Bilan

L'euro passe la barre de 1,10 franc

La devise helvétique n'avait pas connu un tel niveau depuis bientôt huit mois.

A 12H35 GMT, le franc suisse continue de lâcher du lest, se traitant à 1,1028 contre un euro.

Crédits: Keystone

Le franc suisse cède du terrain face à l'euro vendredi, la devise helvétique franchissant la barre des 1,10 face à la monnaie unique, soit un niveau qu'elle n'avait pas connu depuis bientôt huit mois.

A 12H35 GMT, le franc suisse continue de lâcher du lest, se traitant à 1,1028 contre un euro.

Selon Andreas Ruhlmann, analyste de marché chez IG (Suisse), deux facteurs expliquent ce mouvement.

D'un côté, les pays de la zone euro donnent des signes de reprise encourageants tant au niveau des prêts bancaires, en expansion, que du chômage et des exportations, constate-t-il dans un commentaire boursier.

"De surcroît, l'euro entretient une relation inverse au risque, ce qui signifie que l'euro est acheté quand des actifs risqués sont vendus, et vice-versa", a-t-il argumenté.

De l'autre, le franc était resté relativement stable durant les récentes secousses sur les marchés financiers.
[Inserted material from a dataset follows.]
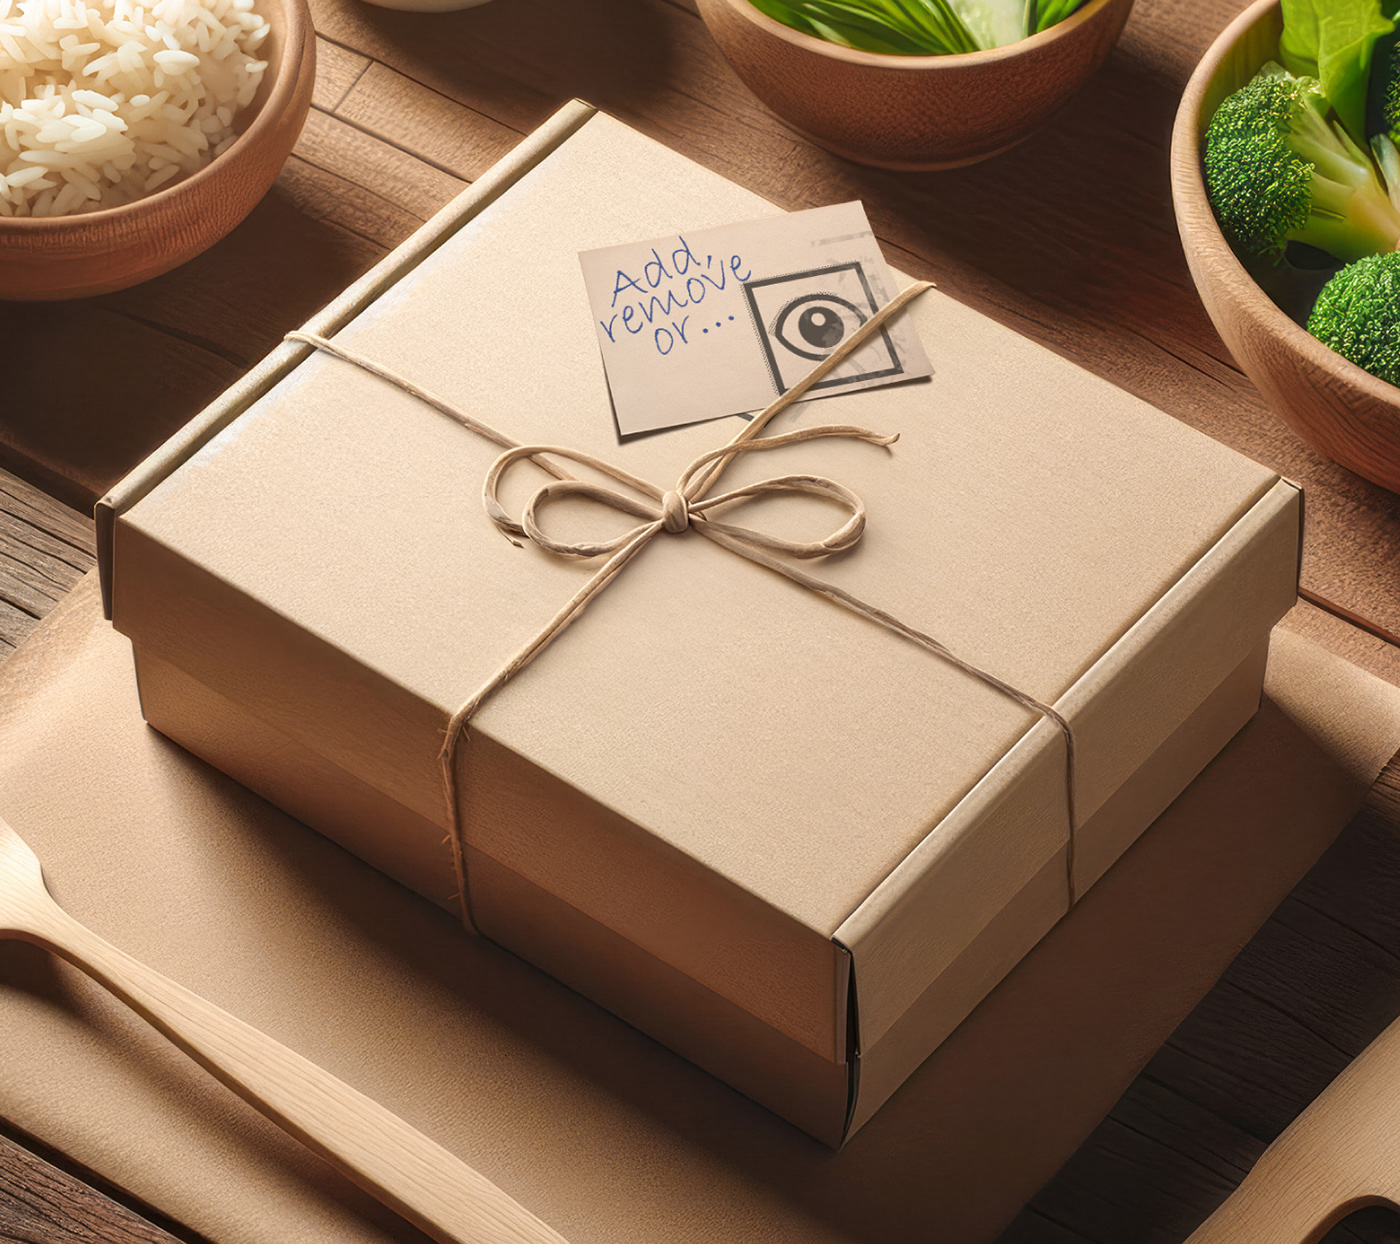 paper lunch box free organic Mockup psd photoshop template Health

Or il semble que le statut de valeur refuge ne justifie plus les coûts élevés nécessaires pour détenir des francs suisses, a-t-il fait valoir.

Le franc suisse a été sous forte pression depuis le changement de cap dans la politique monétaire de la Banque nationale suisse (BNS), intervenu mi-janvier.
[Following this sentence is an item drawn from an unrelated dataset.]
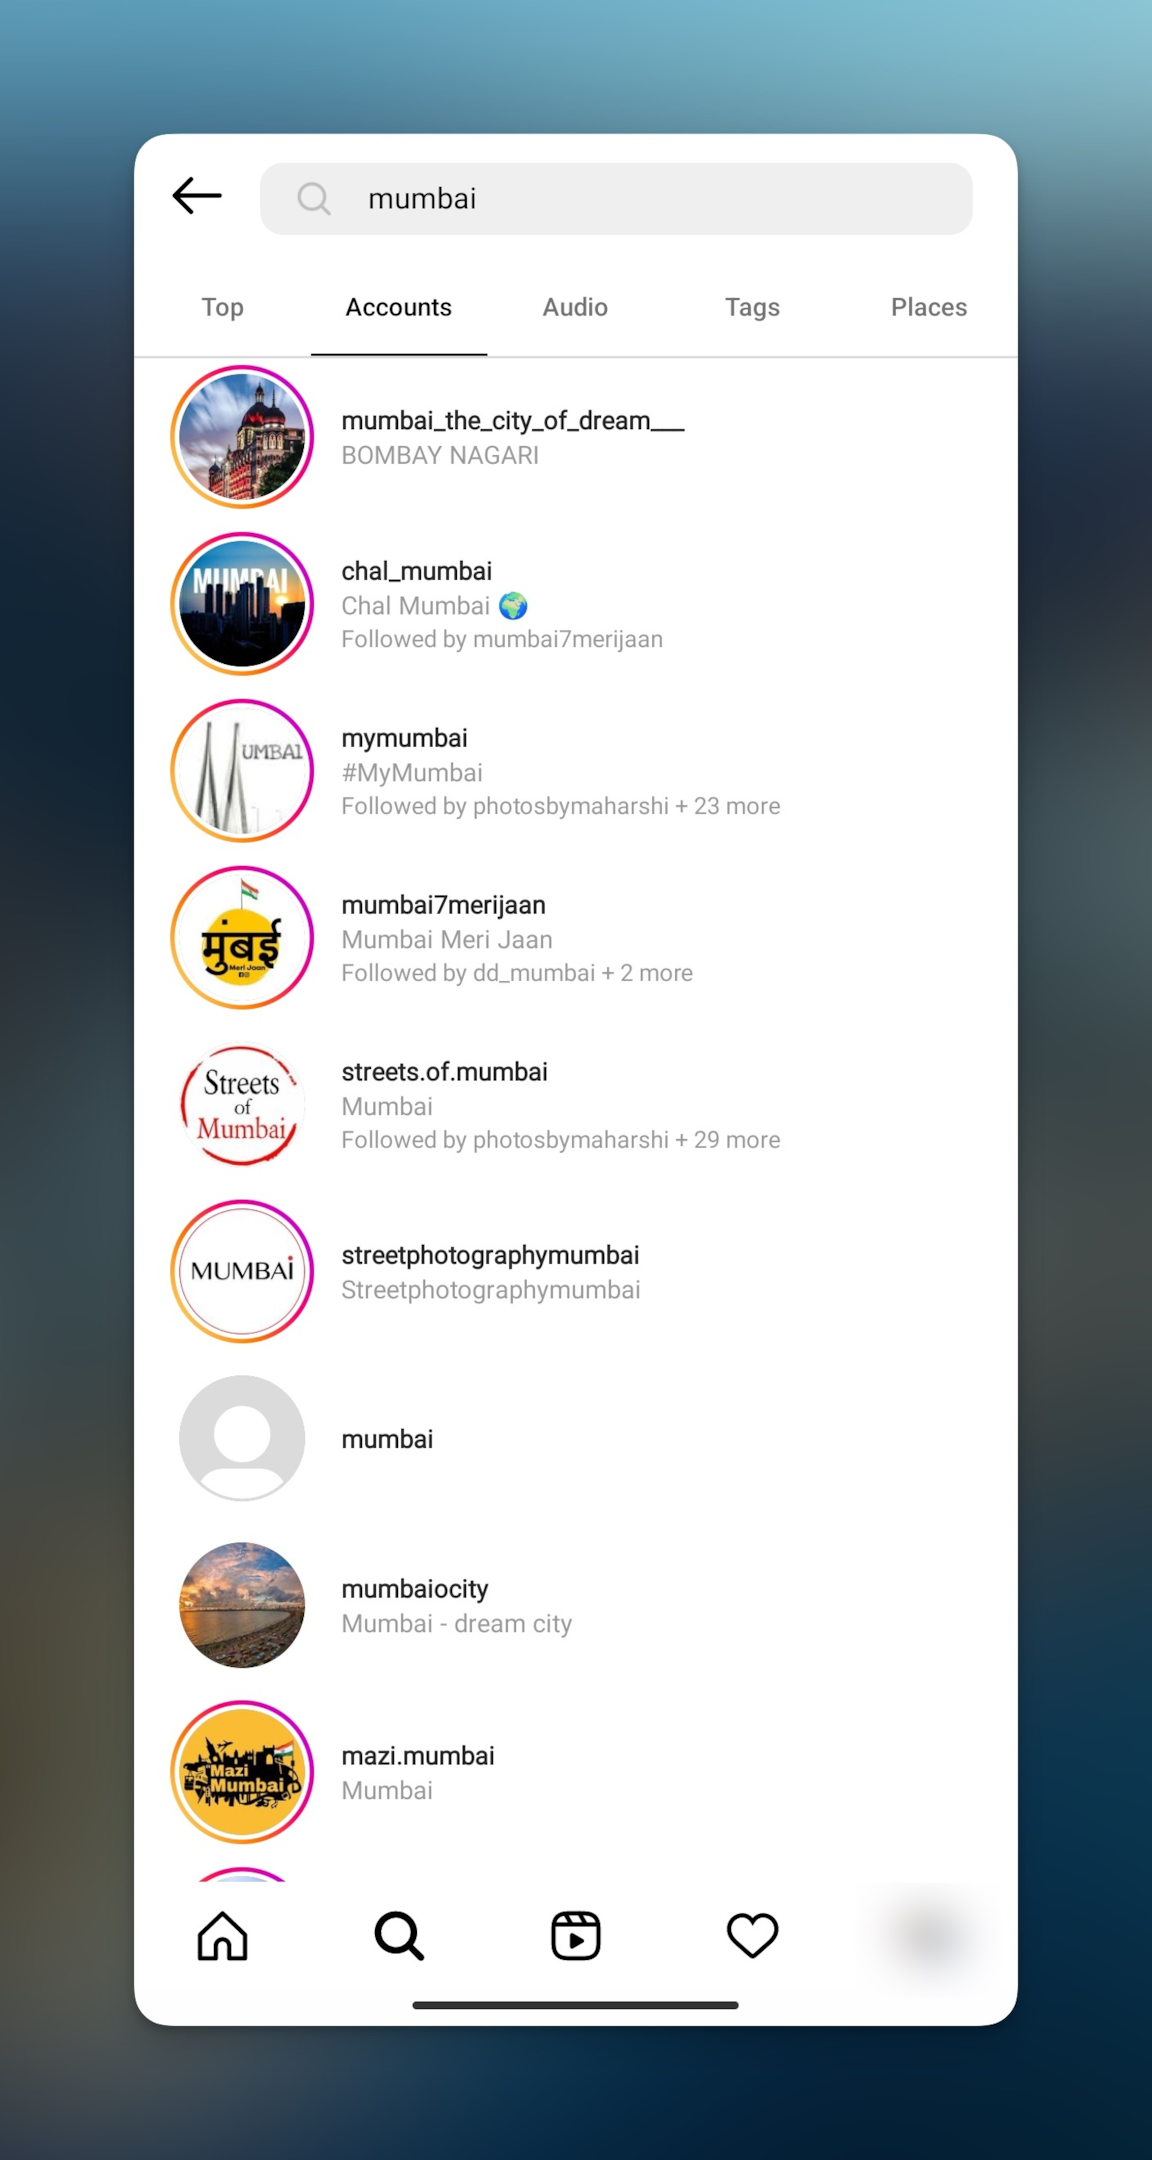 Remote.tools shows a list of Instagram accounts in Instagram search

Face aux secousses sur les marchés monétaires en fin d'année, elle avait été contrainte d'abandonner le "taux plancher", qui fixait la parité minimum à 1,20 franc suisse contre 1 euro.

Pour ne pas perdre le contrôle de son bilan, la BNS s'était résignée à abandonner cet instrument, qui supposait potentiellement d'intervenir sur les marchés pour maintenir ce cours.
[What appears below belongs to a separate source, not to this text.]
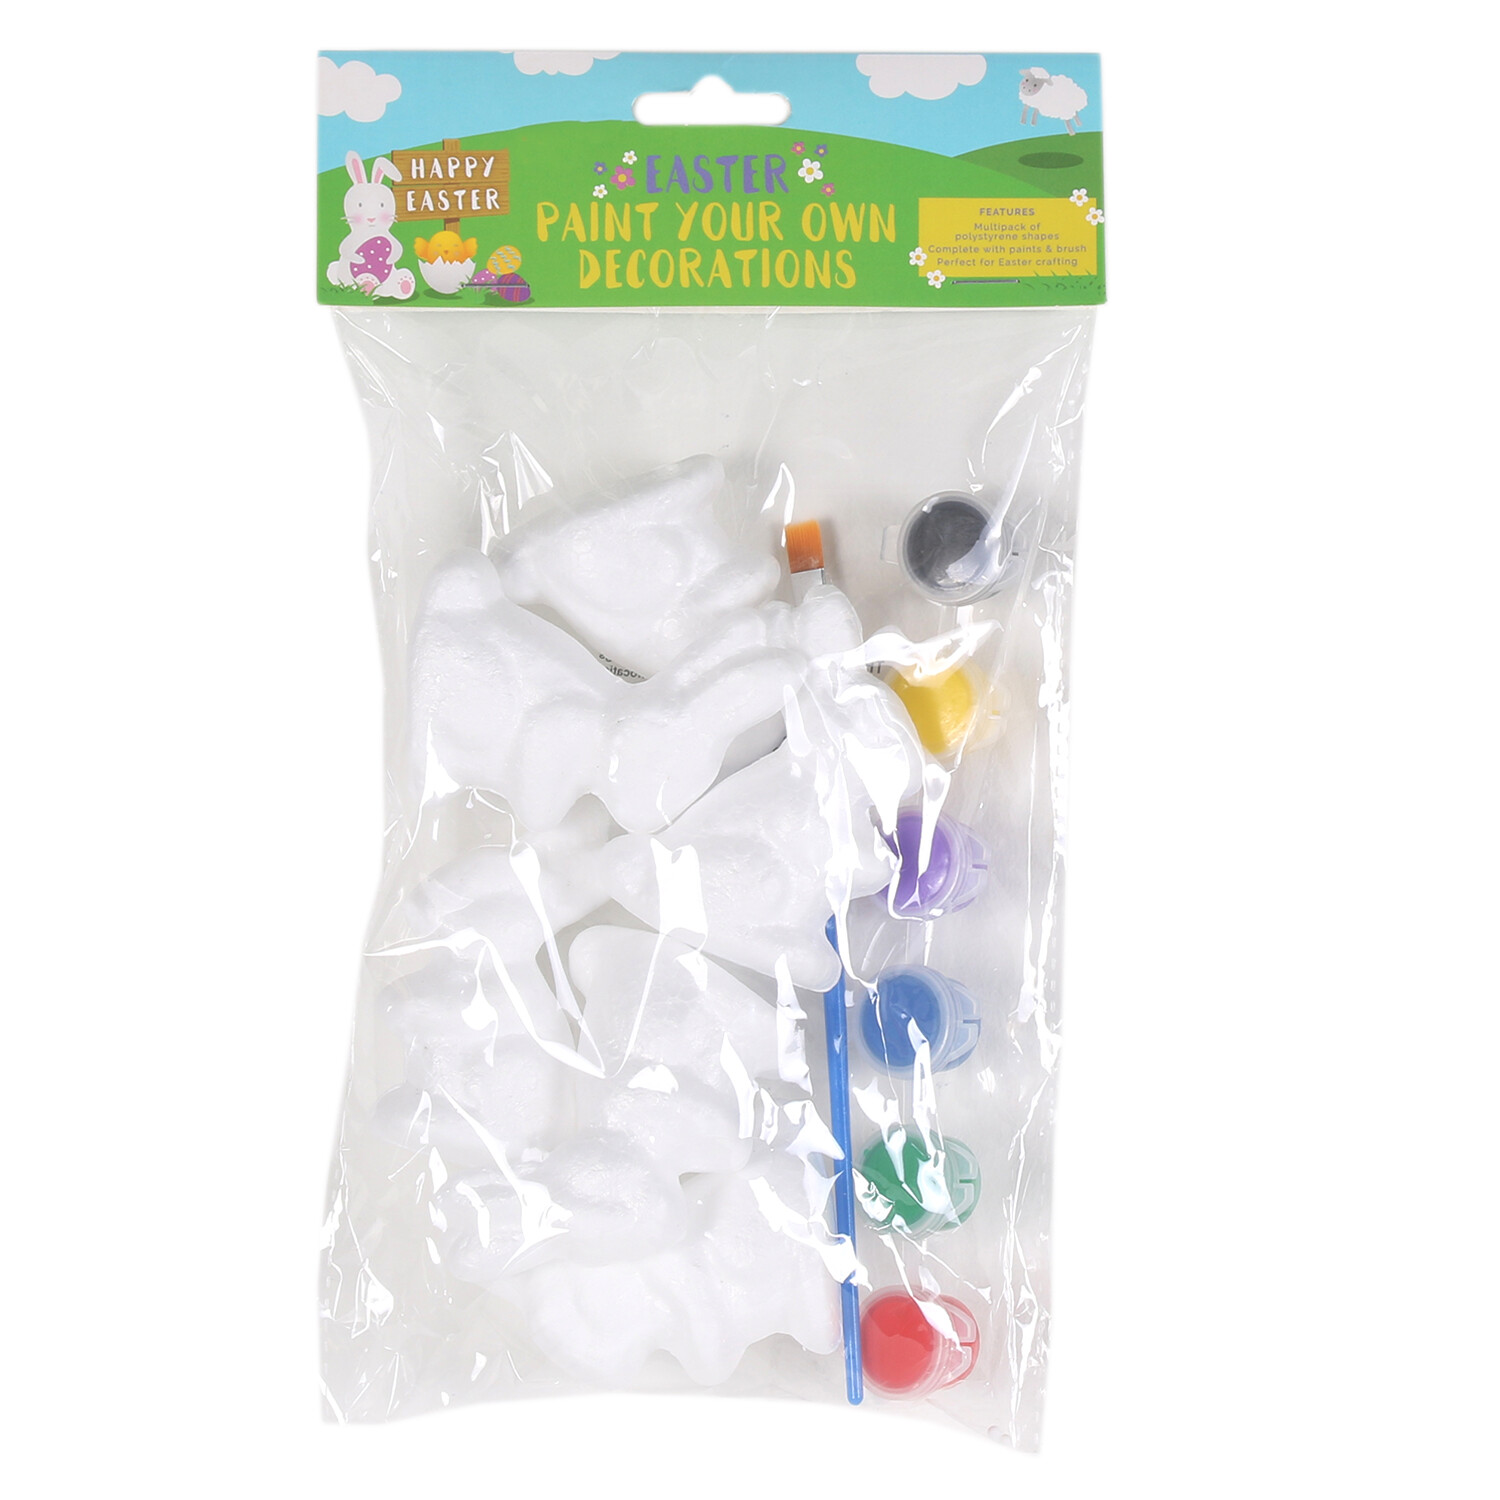 Single Easter Paint Your Own Decorations Kit in Assorted styles Image

Mais elle avait parallèlement imposé des taux négatifs sur les dépôts de certains investisseurs auprès d'elle, ce qui a eu pour effet de renchérir le coût des placements en francs suisses, l'objectif étant de décourager les investisseurs de se retrancher derrière sa devise.

Détenir de l'argent en franc suisse est désormais devenu trop cher pour des sociétés telles que les fonds de pension ou les compagnies d'assurance, a ajouté Andreas Ruhlmann qui s'attend à ce que le fléchissement du franc suisse se poursuive si la reprise dans la zone euro se maintient et si la BNS maintient ses taux à des niveaux bas.

"Voir un taux de change à 1,20 d'ici le début ou mi-2016 n'est désormais plus irréaliste", a-t-il jugé.

La BNS doit rendre sa décision trimestrielle de politique monétaire jeudi prochain. 

La force du franc suisse est un véritable casse-tête pour les entreprises exportatrices suisses qui ont vu leur coûts de production exploser, mais également pour des secteurs tels que le tourisme, la Suisse devenant une destination trop onéreuse pour de nombreux vacanciers européens.